With the popularization of deep learning, great breakthroughs are made in the aspects of computer vision, speech recognition, natural language processing and the like. Taking speech recognition as an example, the accuracy of speech recognition has reached 97% so that the application field of speech recognition is wider and wider. In the field of financial collection, a collector and a client can carry out a large amount of telephone communication. The method comprises the steps that speech recognition (ASR) needs to be carried out on call audio to be converted into corresponding call texts, and on one hand, quality inspection analysis is carried out on the call texts to ensure compliance; on the other hand, the text analysis and mining are carried out on the call text, and a solid foundation is laid for subsequently improving the receiving acceleration effect.

In the actual voice interaction process, the voice recognition error rate is high due to the influences of various factors such as nonstandard Mandarin of a user, noise, vocabulary loss in the professional field and the like. The prior art focuses on improving the accuracy of voice recognition, but lacks an error correction means for a recognition result. Therefore, the large-scale production application of the voice recognition product is greatly influenced.

Disclosure of Invention

The present invention aims to provide a method for correcting a speech recognition result in a call-in scene, so as to solve the problems proposed in the background art.

In order to achieve the purpose, the invention provides the following technical scheme: a method for correcting a voice recognition result in a receiving-urging scene comprises the following steps:

step 1, generation of a special dictionary base in the collection urging field: making statistics on language materials of call between a receiver in the collection accelerating field and a client, carrying out certain manual labeling, sorting and desensitization, wherein the language materials are used as training language materials, and are processed according to sorted language material texts and sorted by special service personnel to form a special dictionary library in the collection accelerating field;

step 2, training an HMM model of the linguistic data between the call of the call taker and the client in the call taker field: the method comprises the following steps of (1) utilizing a call corpus between an acquirer in an acquisition field and a client, carrying out certain manual marking and sorting, and then using the call corpus as a training sample to calculate initial emission probability, transition probability and emission probability;

step 3, generating a text to be corrected: performing word segmentation on the voice recognition text, and checking whether each word is in a user dictionary library to judge whether a text to be corrected is added;

step 4, the text set generation method after error correction: firstly, converting a candidate text to be corrected into pinyin, and secondly, calculating the editing distance between the candidate text to be corrected and the pinyin of each word in a collection field special dictionary library by using an editing distance algorithm to judge whether the original candidate text to be corrected is reserved;

and step 5, correcting the error, namely: firstly, replacing the determined candidate text to be corrected with the corresponding candidate corrected text set, decoding by using a trained HMM model and combining a decoding algorithm, and calculating the final candidate corrected text.

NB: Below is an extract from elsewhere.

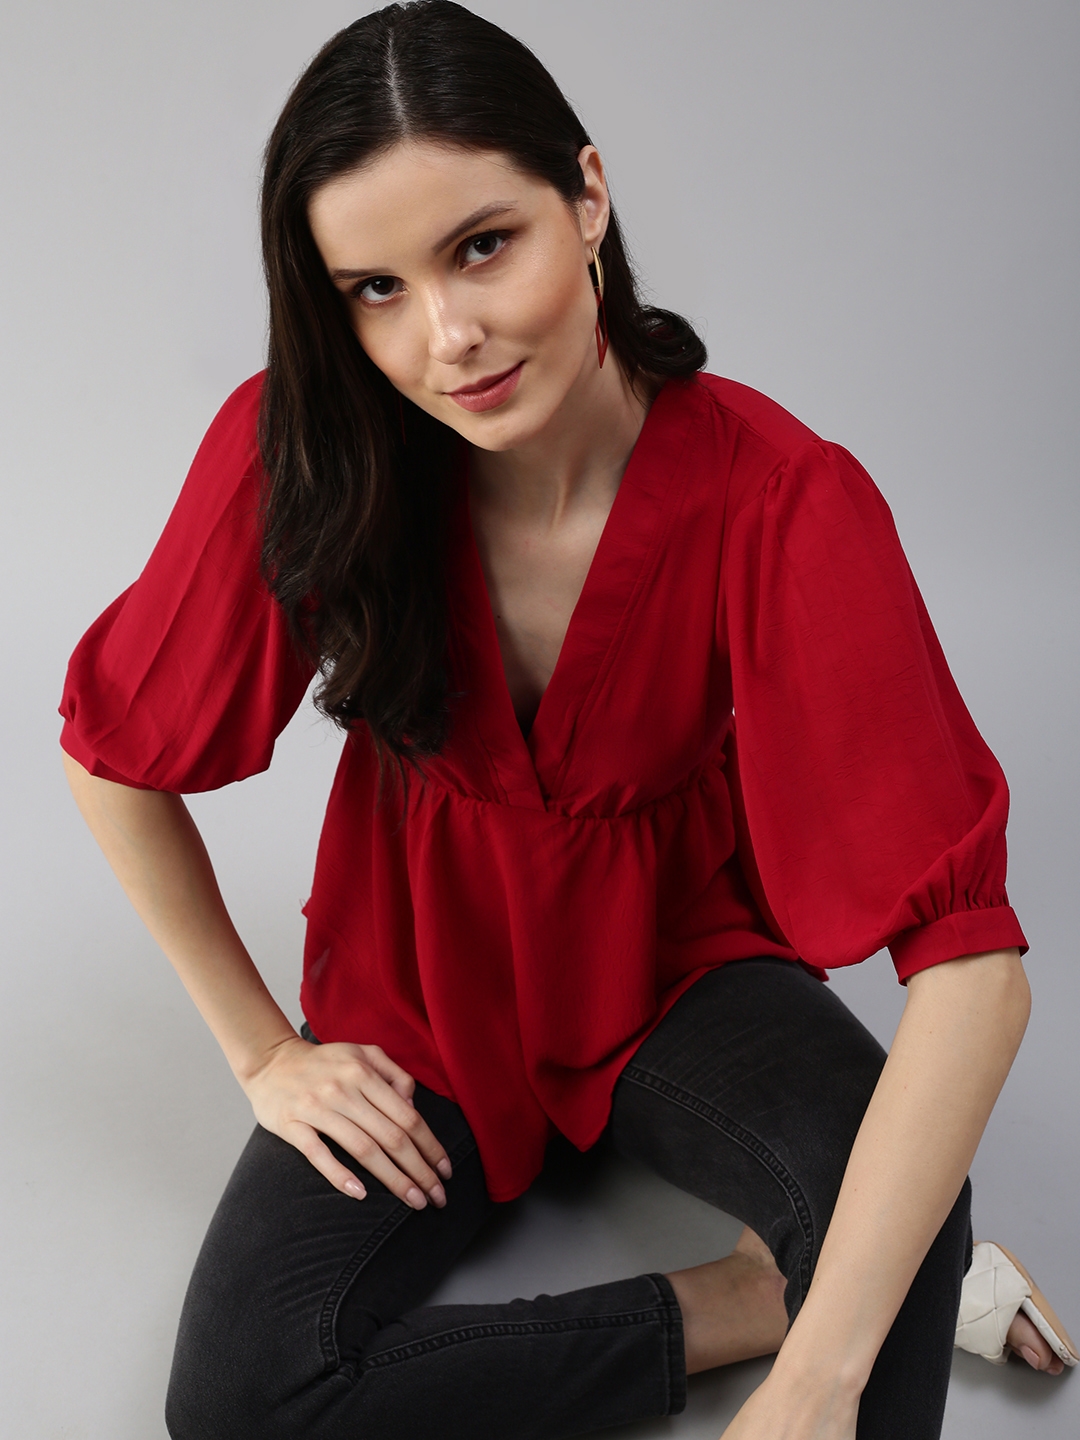 SHOWOFF Women's Solid Peplum Red V-Neck Top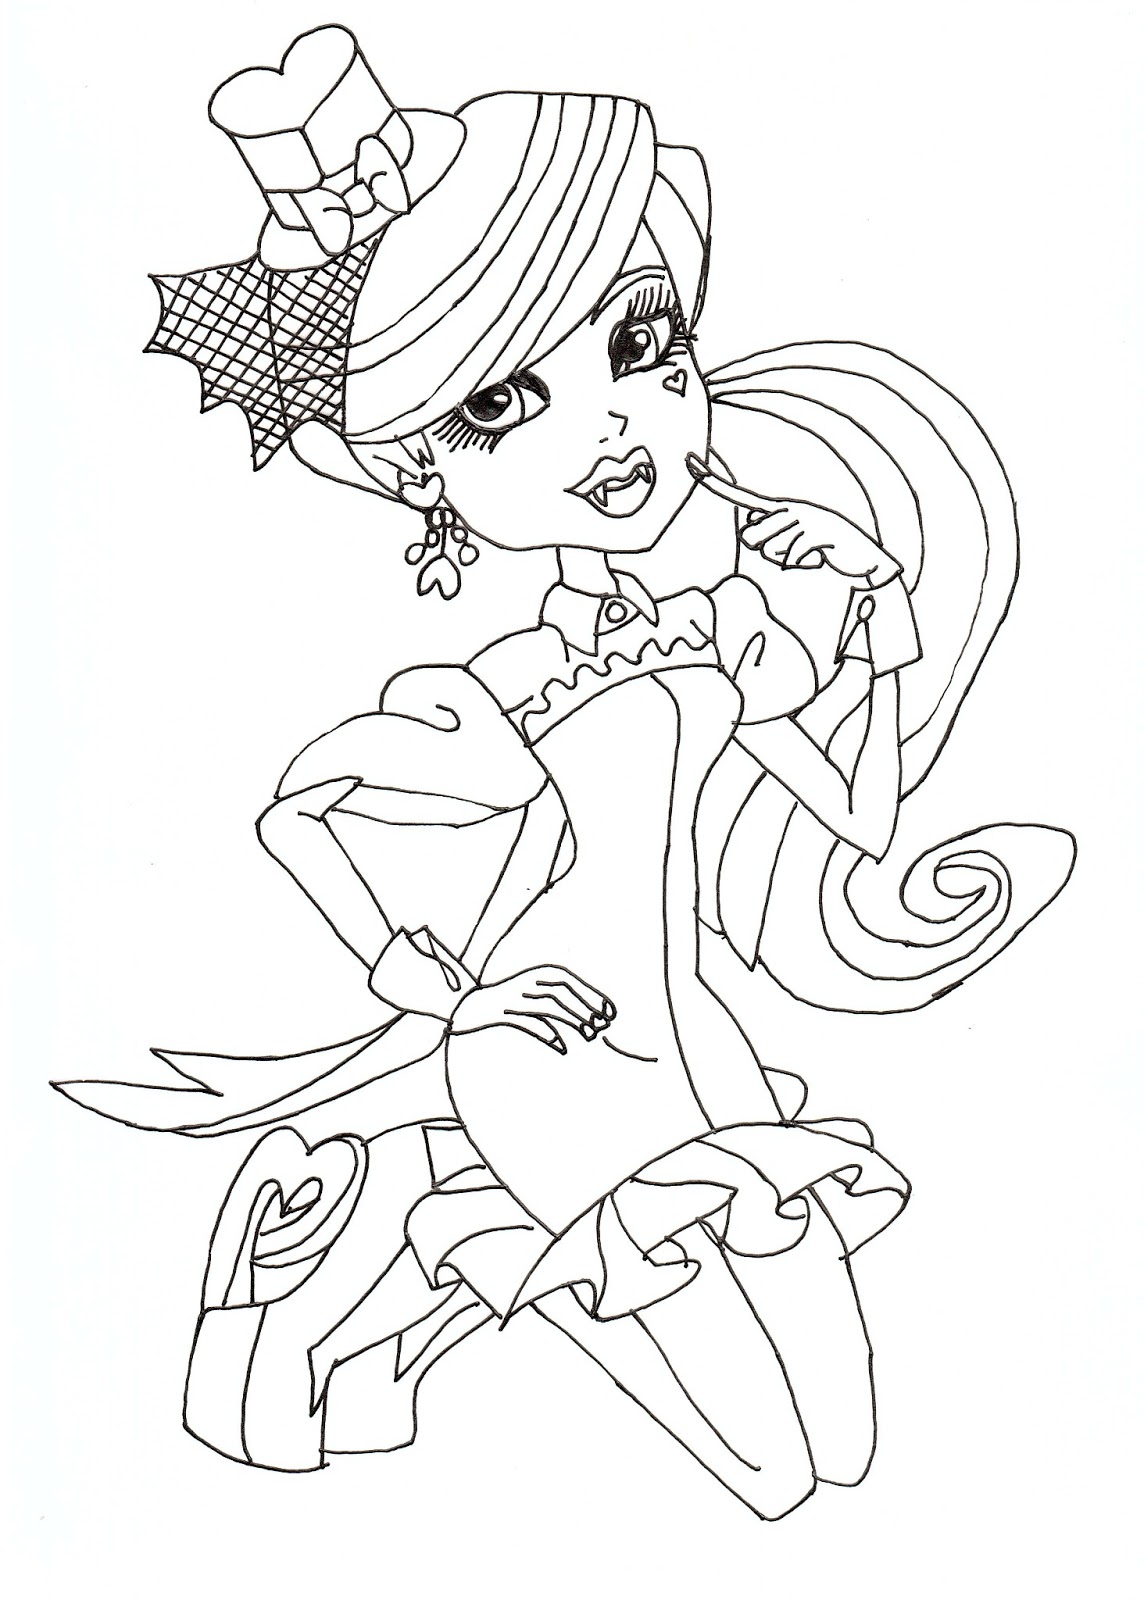 Download Free Printable Monster High Coloring Pages: Draculaura Dawn of the Dance Coloring Sheet

Preferably, the method for determining whether to add the candidate text to be corrected is that if each word is in the collection-urging-field-specific dictionary base, no correction is performed, and if not, the word is taken as the candidate text to be corrected.

Preferably, the method of whether to reserve the original candidate text to be corrected is to use the original candidate text to be corrected as a candidate text set after correction if the edit distance is smaller than the threshold, and reserve the original candidate text to be corrected first if the edit distance is larger than the threshold.

Preferably, the method for processing the sorted corpus text comprises text word segmentation, part-of-speech tagging, word frequency statistics, pinyin tagging and similar word retrieval.

Preferably, the decoding algorithm for performing the decoding operation is a viterbi algorithm.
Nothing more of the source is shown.